:: What you need to do ::
In the records that follow, find the line containing "Bague avec saphir" and the line containing "Poids total : 12,37 grammes", then transcribe both and every line between them exactly, omitting pictures.

:: Material for the task ::
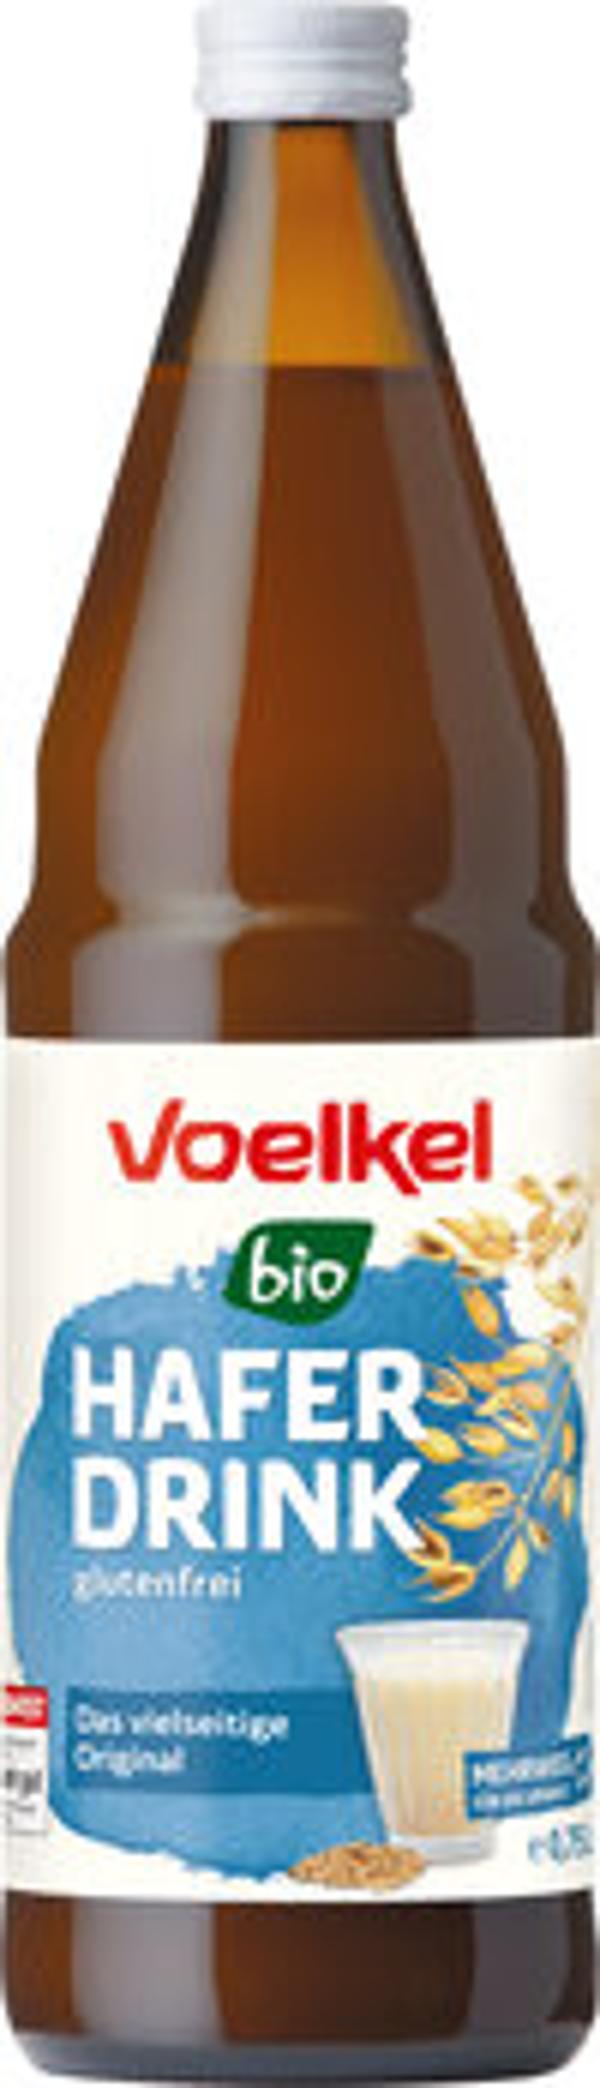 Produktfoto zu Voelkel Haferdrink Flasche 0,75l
--
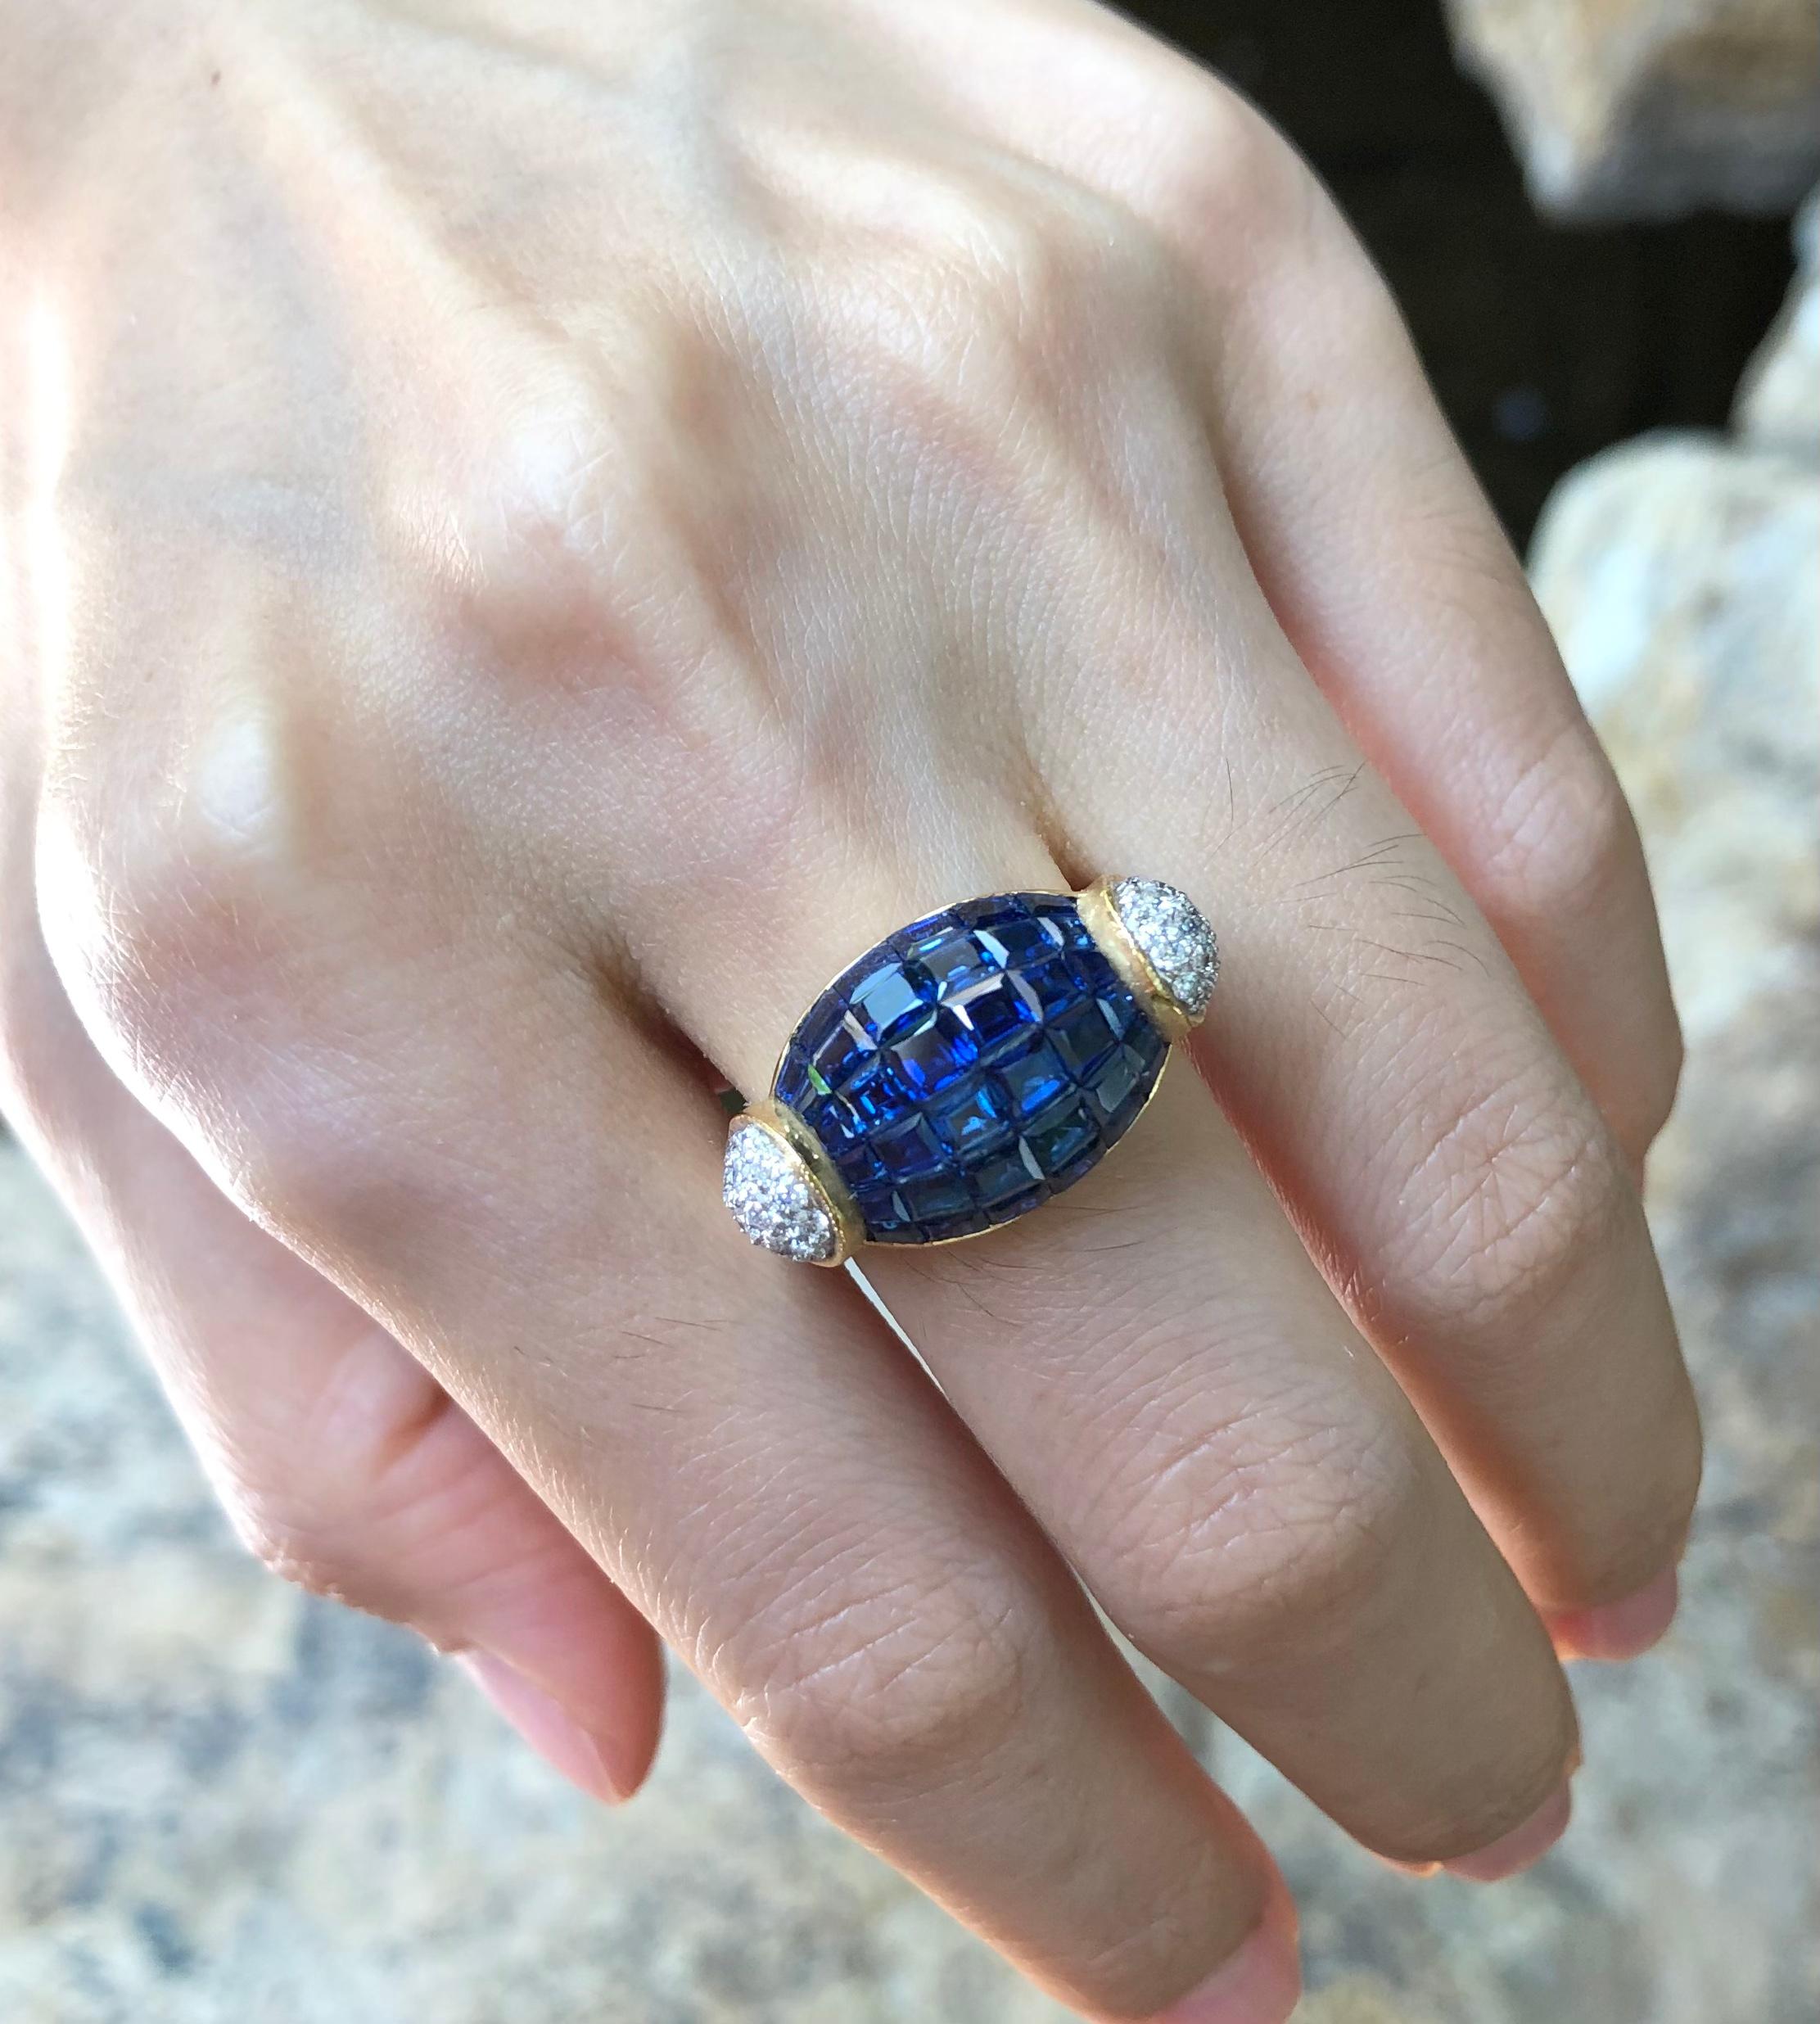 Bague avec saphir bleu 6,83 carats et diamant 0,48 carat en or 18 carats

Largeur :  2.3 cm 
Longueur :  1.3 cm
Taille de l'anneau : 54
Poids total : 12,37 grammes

:: Solution to this exercise ::
 Bague avec saphir bleu 6,83 carats et diamant 0,48 carat en or 18 carats

Largeur :  2.3 cm 
Longueur :  1.3 cm
Taille de l'anneau : 54
Poids total : 12,37 grammes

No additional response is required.